**To do:** Once the pictures are removed, restate the listing word for word.

**Information supplied:**

§

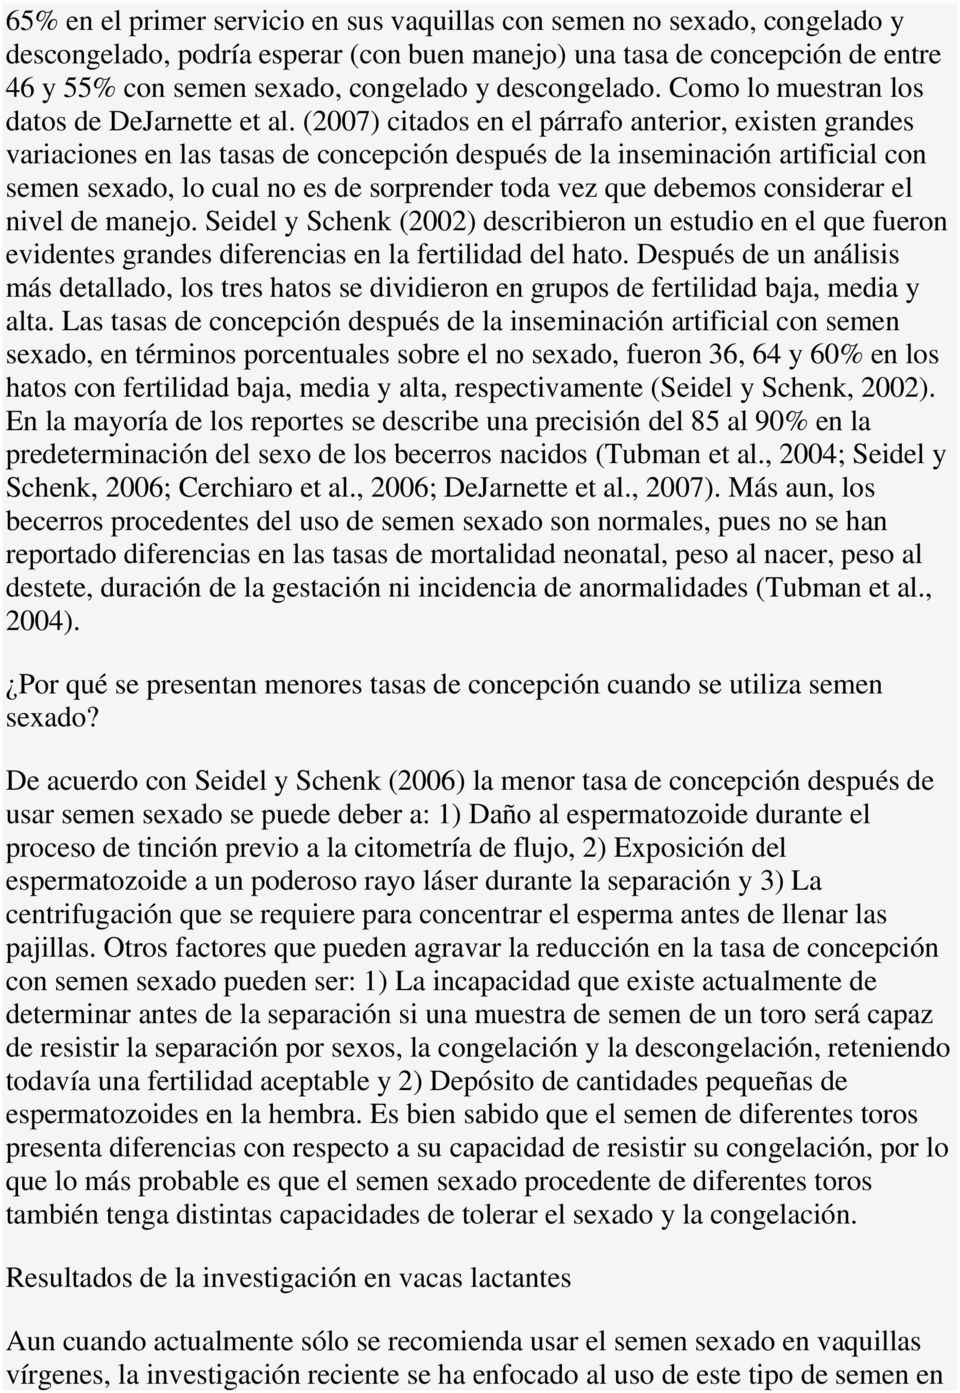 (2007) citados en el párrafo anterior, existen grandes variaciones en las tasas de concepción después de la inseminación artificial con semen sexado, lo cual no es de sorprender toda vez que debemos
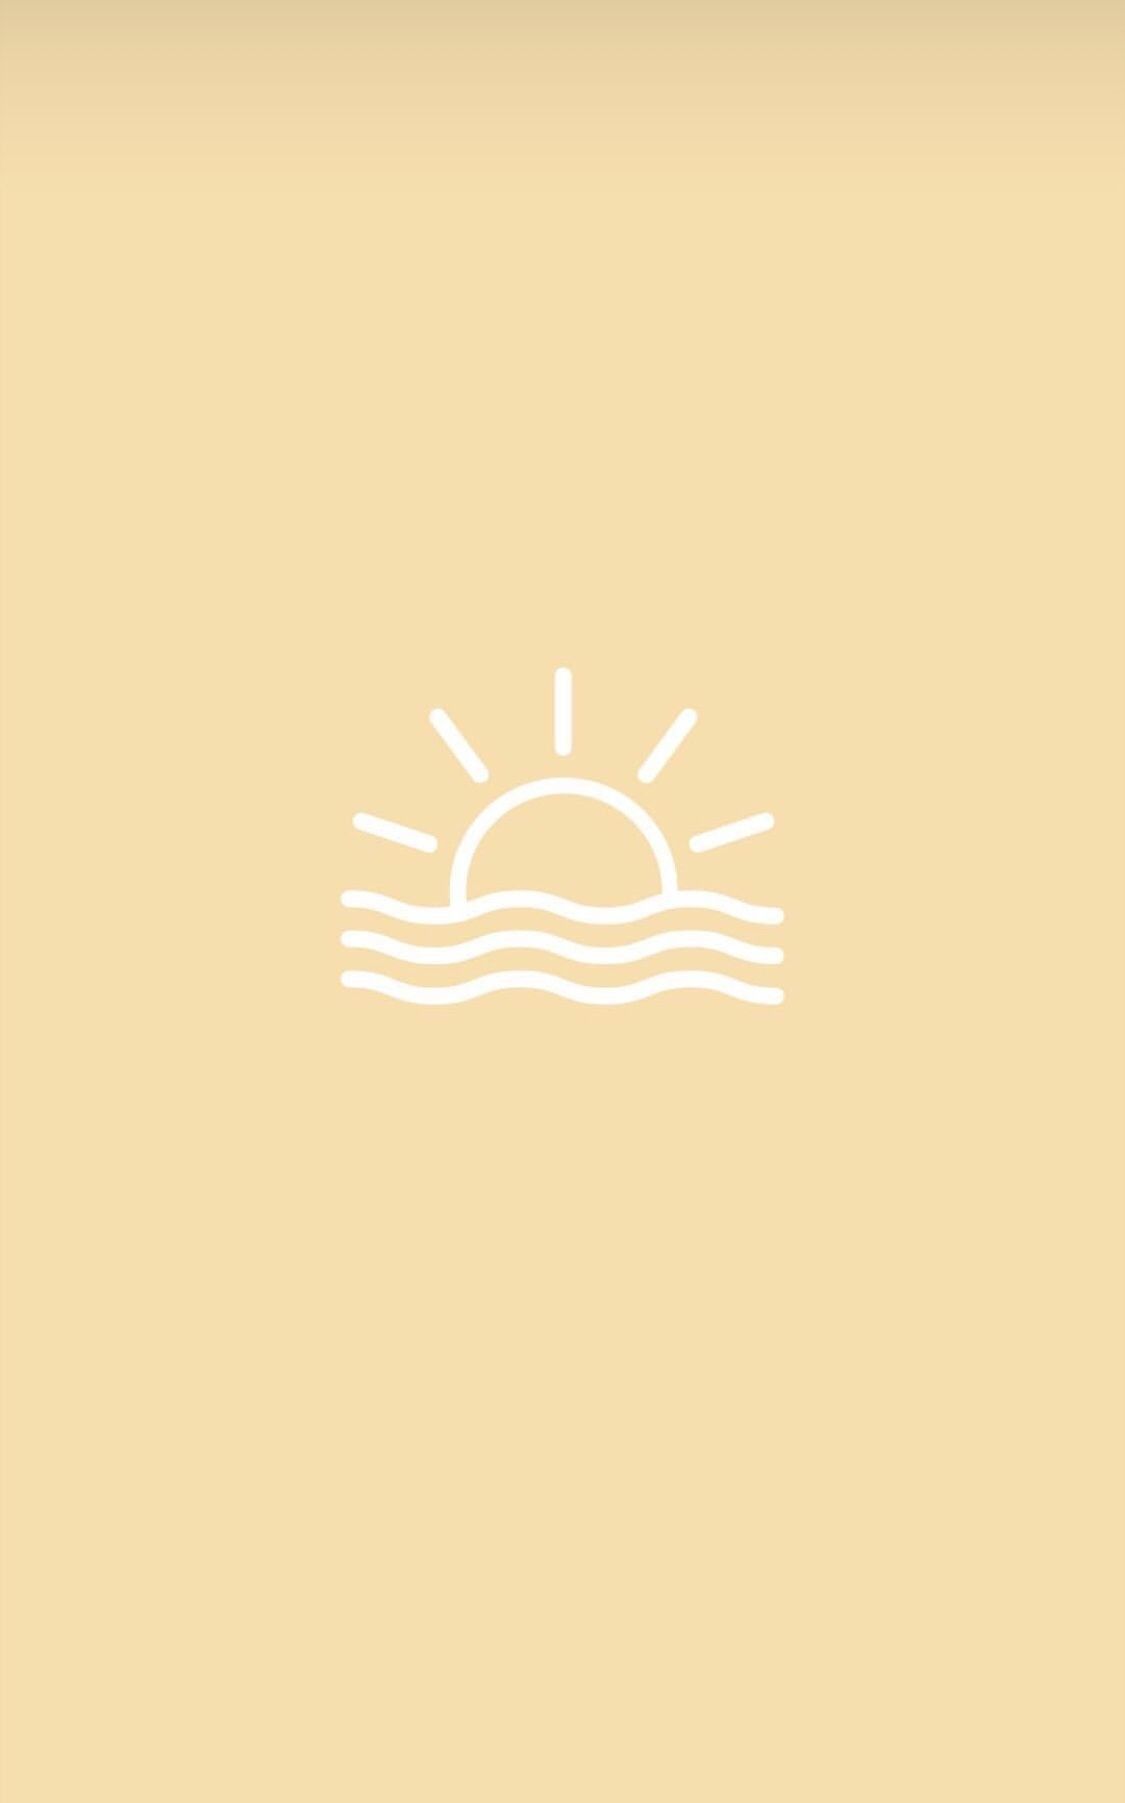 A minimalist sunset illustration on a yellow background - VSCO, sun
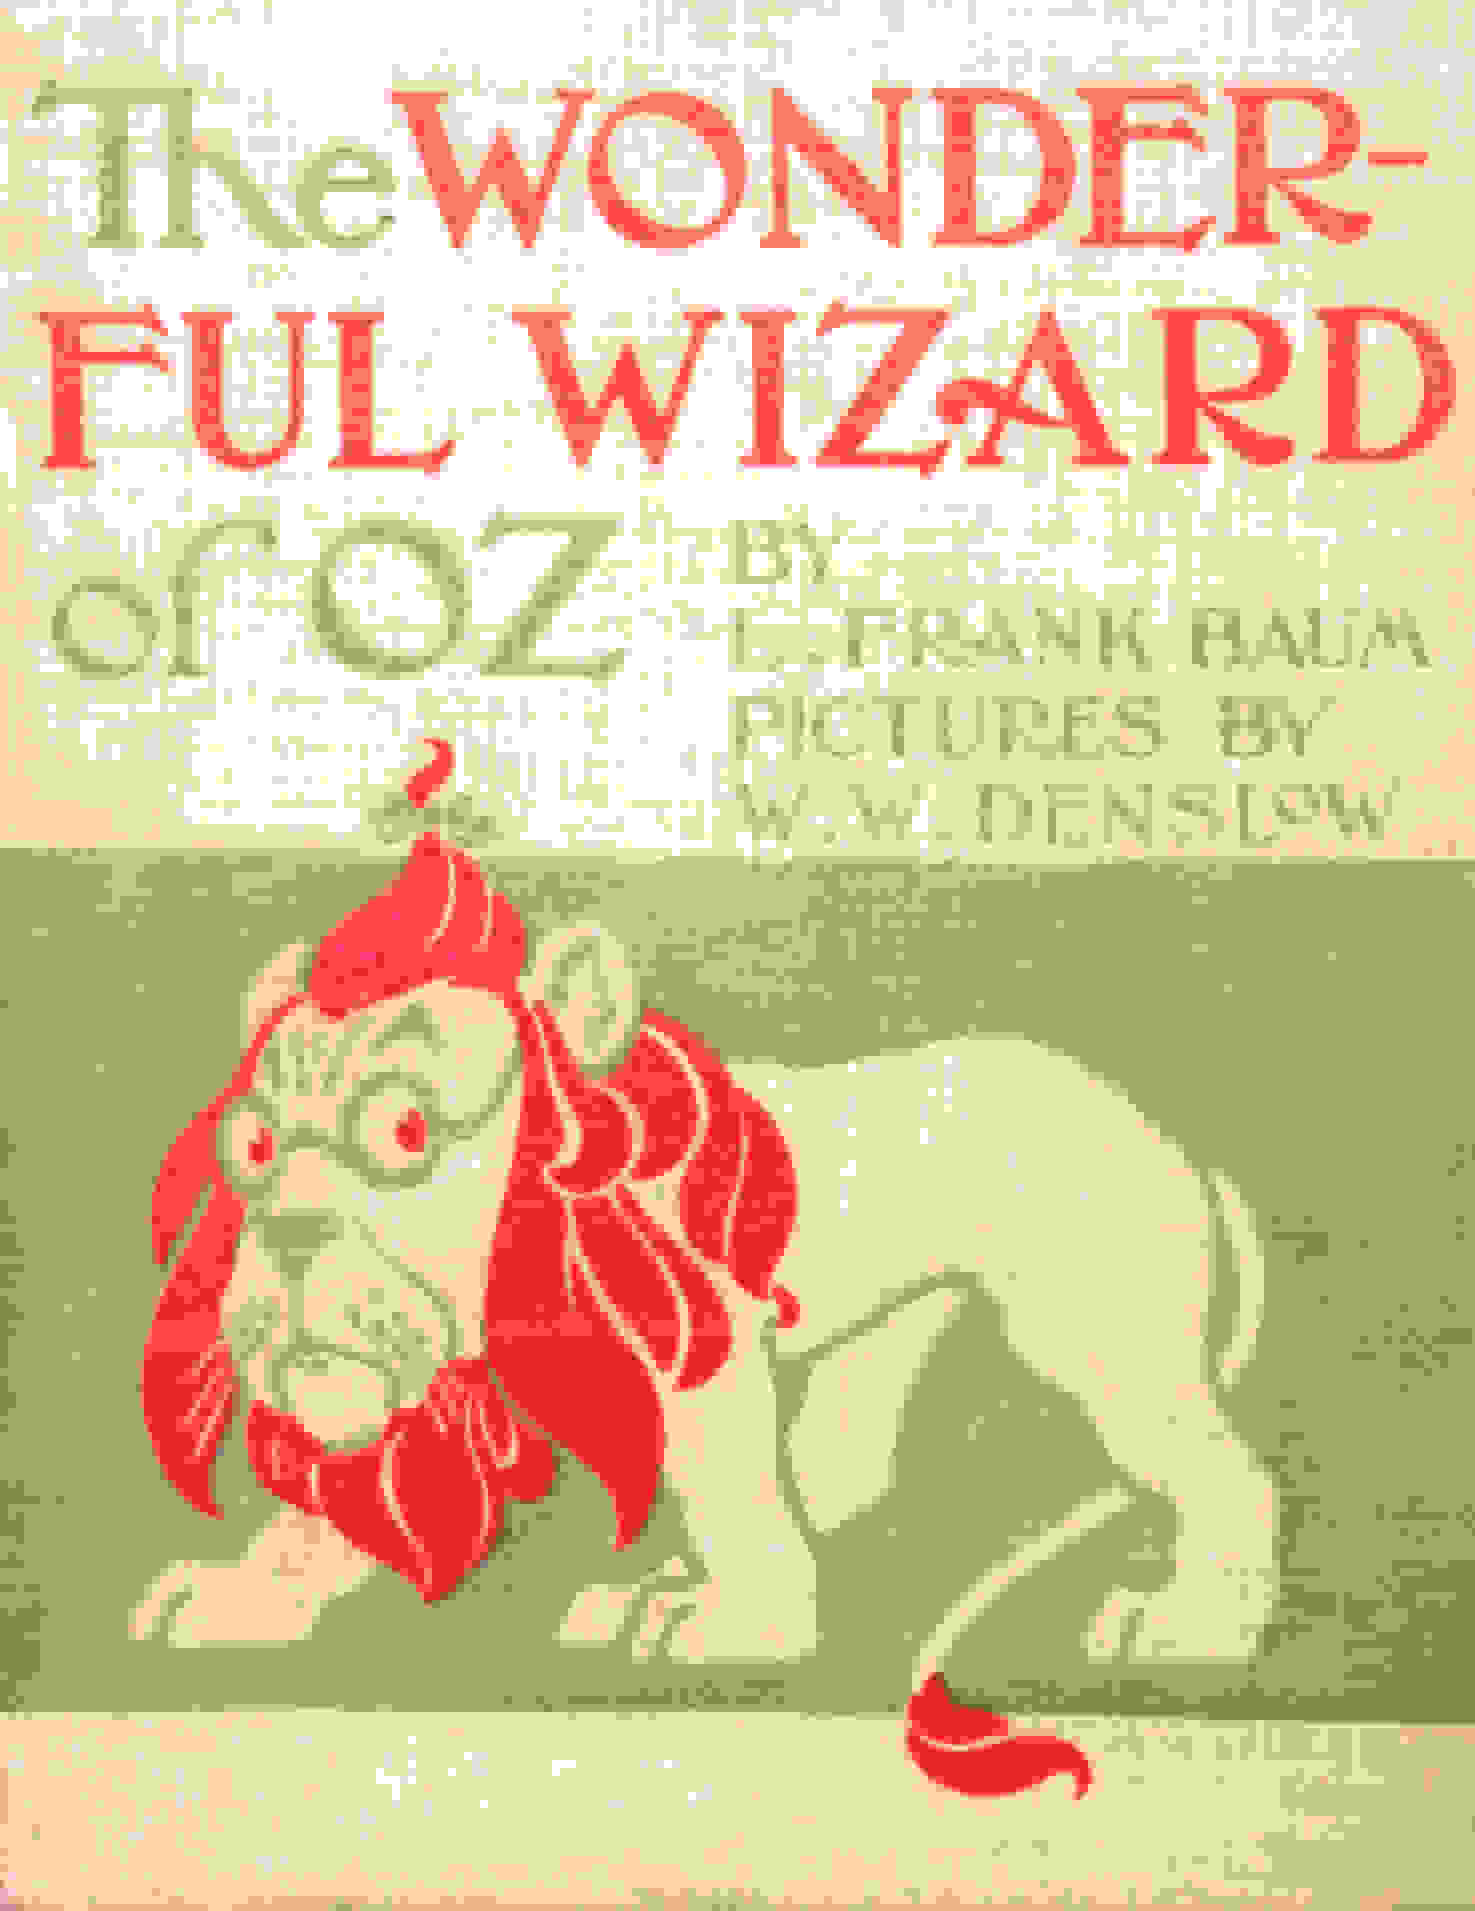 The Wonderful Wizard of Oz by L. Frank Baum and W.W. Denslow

§

**Solved exercise:**
 (2007) citados en el párrafo anterior, existen grandes variaciones en las tasas de concepción después de la inseminación artificial con semen sexado, lo cual no es de sorprender toda vez que debemos
 A minimalist sunset illustration on a yellow background - VSCO, sun
 The Wonderful Wizard of Oz by L. Frank Baum and W.W. Denslow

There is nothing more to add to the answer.